THE RECORDS:
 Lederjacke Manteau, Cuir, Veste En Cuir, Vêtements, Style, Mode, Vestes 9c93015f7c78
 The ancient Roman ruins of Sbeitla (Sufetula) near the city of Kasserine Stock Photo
* * *
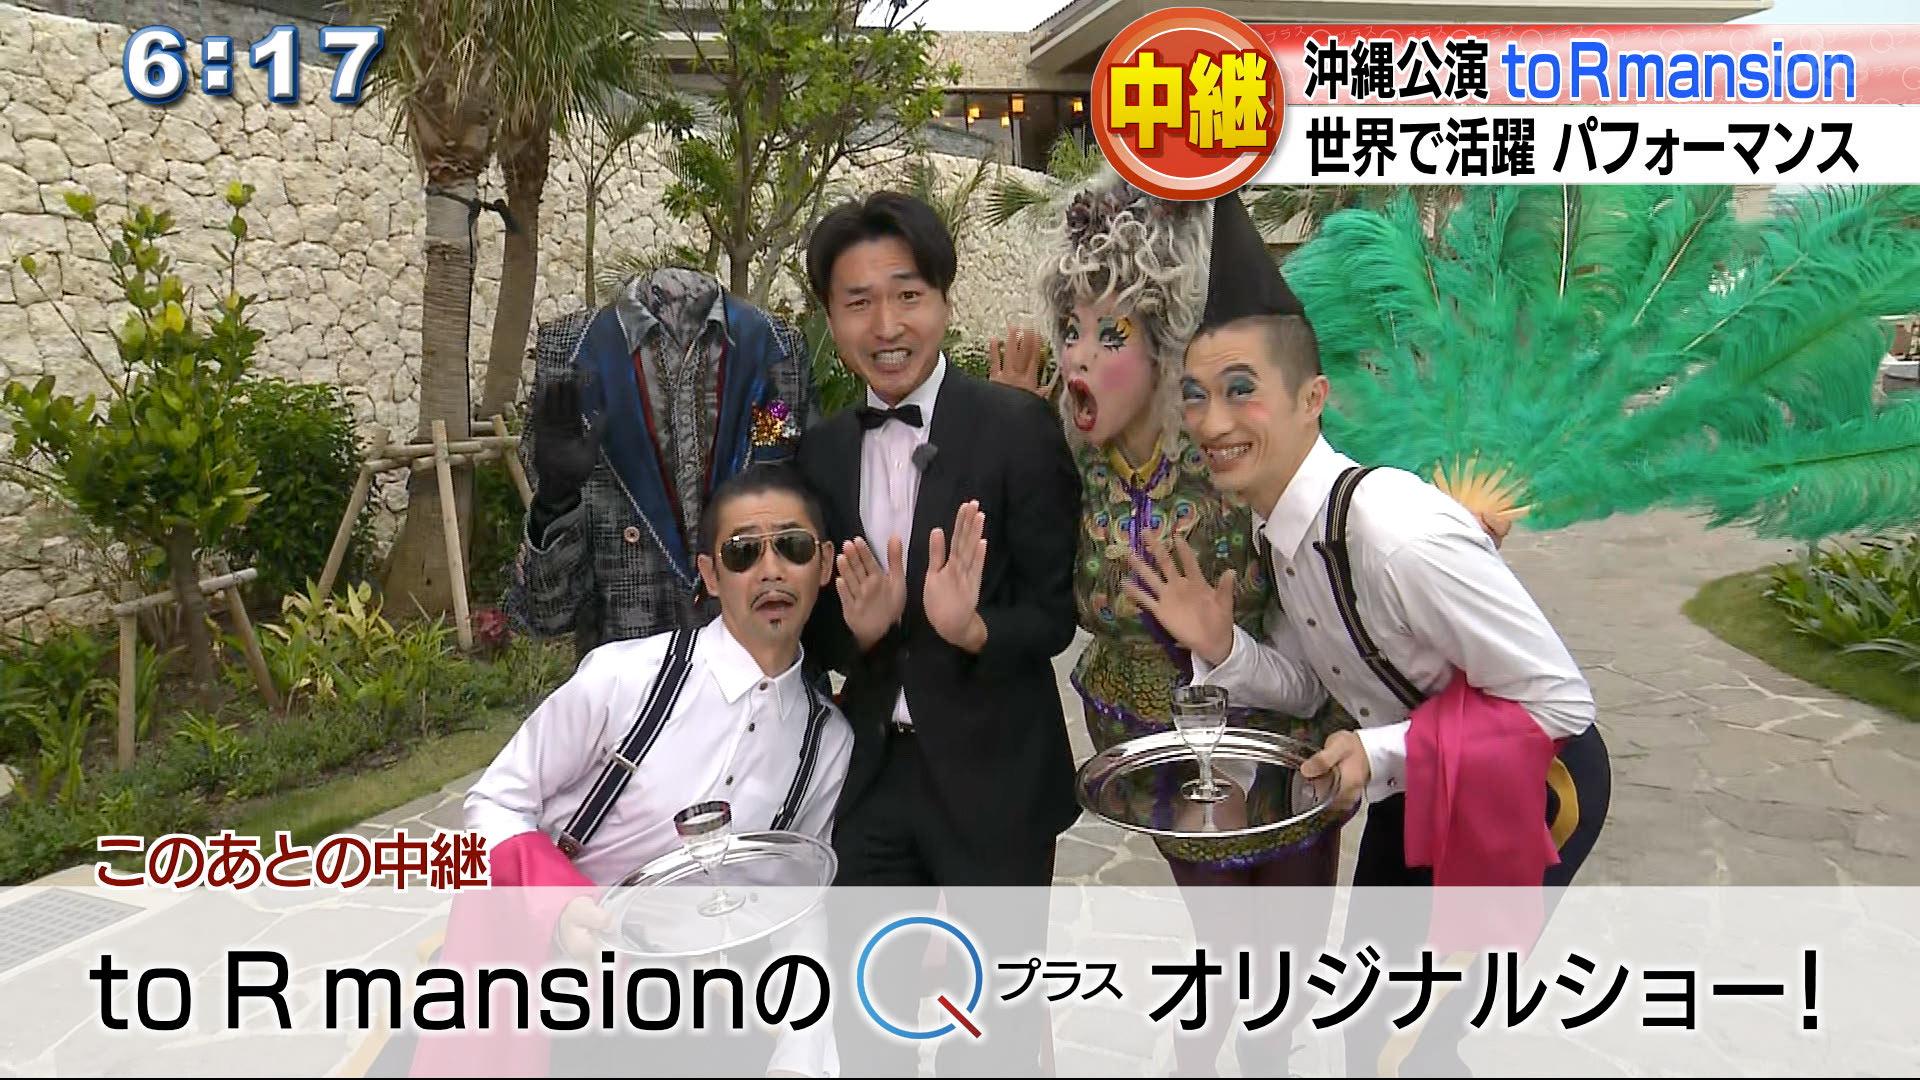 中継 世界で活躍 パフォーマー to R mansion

TASK TO COMPLETE: When you reach the line in the material above that holds "Lederjacke Manteau, Cuir, Veste", begin reproducing lines exactly, and stop after the line that holds "The ancient Roman".

RESULT FOR THIS EXERCISE:
 Lederjacke Manteau, Cuir, Veste En Cuir, Vêtements, Style, Mode, Vestes 9c93015f7c78
 The ancient Roman ruins of Sbeitla (Sufetula) near the city of Kasserine Stock Photo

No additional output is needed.